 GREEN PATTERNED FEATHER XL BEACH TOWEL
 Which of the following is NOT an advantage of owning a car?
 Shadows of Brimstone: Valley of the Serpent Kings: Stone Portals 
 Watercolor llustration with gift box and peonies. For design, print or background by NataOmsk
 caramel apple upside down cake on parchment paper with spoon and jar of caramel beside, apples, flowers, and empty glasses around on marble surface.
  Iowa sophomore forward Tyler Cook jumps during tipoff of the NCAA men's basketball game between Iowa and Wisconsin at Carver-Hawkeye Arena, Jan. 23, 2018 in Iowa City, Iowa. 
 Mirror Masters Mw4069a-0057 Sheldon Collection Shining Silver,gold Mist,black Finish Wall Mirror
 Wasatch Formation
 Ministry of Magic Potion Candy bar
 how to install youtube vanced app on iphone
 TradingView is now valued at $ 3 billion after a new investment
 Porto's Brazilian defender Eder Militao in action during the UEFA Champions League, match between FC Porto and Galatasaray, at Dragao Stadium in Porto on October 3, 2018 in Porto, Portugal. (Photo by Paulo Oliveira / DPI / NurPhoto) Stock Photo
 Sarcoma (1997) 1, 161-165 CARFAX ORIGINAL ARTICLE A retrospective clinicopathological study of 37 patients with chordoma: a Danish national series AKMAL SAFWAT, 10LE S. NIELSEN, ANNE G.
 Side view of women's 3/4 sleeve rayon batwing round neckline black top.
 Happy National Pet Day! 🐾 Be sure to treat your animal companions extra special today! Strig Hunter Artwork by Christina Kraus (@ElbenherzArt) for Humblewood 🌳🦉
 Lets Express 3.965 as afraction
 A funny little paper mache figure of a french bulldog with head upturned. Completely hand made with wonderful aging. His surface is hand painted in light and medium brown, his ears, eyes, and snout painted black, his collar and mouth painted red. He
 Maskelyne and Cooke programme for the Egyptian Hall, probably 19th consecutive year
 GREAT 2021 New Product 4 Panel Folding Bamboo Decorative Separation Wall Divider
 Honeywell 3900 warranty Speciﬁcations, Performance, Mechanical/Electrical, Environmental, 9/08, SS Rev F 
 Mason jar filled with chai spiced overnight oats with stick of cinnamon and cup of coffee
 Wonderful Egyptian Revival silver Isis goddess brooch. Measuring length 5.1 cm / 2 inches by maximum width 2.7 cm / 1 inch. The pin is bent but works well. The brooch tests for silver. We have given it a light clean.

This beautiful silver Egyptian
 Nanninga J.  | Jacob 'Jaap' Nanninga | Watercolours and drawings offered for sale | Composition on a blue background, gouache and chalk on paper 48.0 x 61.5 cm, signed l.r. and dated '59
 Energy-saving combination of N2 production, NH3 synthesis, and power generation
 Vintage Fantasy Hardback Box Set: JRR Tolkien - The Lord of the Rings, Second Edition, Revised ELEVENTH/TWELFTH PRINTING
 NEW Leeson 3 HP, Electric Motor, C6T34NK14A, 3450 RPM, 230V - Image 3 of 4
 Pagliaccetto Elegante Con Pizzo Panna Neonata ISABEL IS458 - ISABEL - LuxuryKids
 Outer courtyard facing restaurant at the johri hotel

__Work instruction__. Every line of the material above should be transcribed as it stands.

__Exercise answer__.
 GREEN PATTERNED FEATHER XL BEACH TOWEL
 Which of the following is NOT an advantage of owning a car?
 Shadows of Brimstone: Valley of the Serpent Kings: Stone Portals 
 Watercolor llustration with gift box and peonies. For design, print or background by NataOmsk
 caramel apple upside down cake on parchment paper with spoon and jar of caramel beside, apples, flowers, and empty glasses around on marble surface.
  Iowa sophomore forward Tyler Cook jumps during tipoff of the NCAA men's basketball game between Iowa and Wisconsin at Carver-Hawkeye Arena, Jan. 23, 2018 in Iowa City, Iowa. 
 Mirror Masters Mw4069a-0057 Sheldon Collection Shining Silver,gold Mist,black Finish Wall Mirror
 Wasatch Formation
 Ministry of Magic Potion Candy bar
 how to install youtube vanced app on iphone
 TradingView is now valued at $ 3 billion after a new investment
 Porto's Brazilian defender Eder Militao in action during the UEFA Champions League, match between FC Porto and Galatasaray, at Dragao Stadium in Porto on October 3, 2018 in Porto, Portugal. (Photo by Paulo Oliveira / DPI / NurPhoto) Stock Photo
 Sarcoma (1997) 1, 161-165 CARFAX ORIGINAL ARTICLE A retrospective clinicopathological study of 37 patients with chordoma: a Danish national series AKMAL SAFWAT, 10LE S. NIELSEN, ANNE G.
 Side view of women's 3/4 sleeve rayon batwing round neckline black top.
 Happy National Pet Day! 🐾 Be sure to treat your animal companions extra special today! Strig Hunter Artwork by Christina Kraus (@ElbenherzArt) for Humblewood 🌳🦉
 Lets Express 3.965 as afraction
 A funny little paper mache figure of a french bulldog with head upturned. Completely hand made with wonderful aging. His surface is hand painted in light and medium brown, his ears, eyes, and snout painted black, his collar and mouth painted red. He
 Maskelyne and Cooke programme for the Egyptian Hall, probably 19th consecutive year
 GREAT 2021 New Product 4 Panel Folding Bamboo Decorative Separation Wall Divider
 Honeywell 3900 warranty Speciﬁcations, Performance, Mechanical/Electrical, Environmental, 9/08, SS Rev F 
 Mason jar filled with chai spiced overnight oats with stick of cinnamon and cup of coffee
 Wonderful Egyptian Revival silver Isis goddess brooch. Measuring length 5.1 cm / 2 inches by maximum width 2.7 cm / 1 inch. The pin is bent but works well. The brooch tests for silver. We have given it a light clean.

This beautiful silver Egyptian
 Nanninga J.  | Jacob 'Jaap' Nanninga | Watercolours and drawings offered for sale | Composition on a blue background, gouache and chalk on paper 48.0 x 61.5 cm, signed l.r. and dated '59
 Energy-saving combination of N2 production, NH3 synthesis, and power generation
 Vintage Fantasy Hardback Box Set: JRR Tolkien - The Lord of the Rings, Second Edition, Revised ELEVENTH/TWELFTH PRINTING
 NEW Leeson 3 HP, Electric Motor, C6T34NK14A, 3450 RPM, 230V - Image 3 of 4
 Pagliaccetto Elegante Con Pizzo Panna Neonata ISABEL IS458 - ISABEL - LuxuryKids
 Outer courtyard facing restaurant at the johri hotel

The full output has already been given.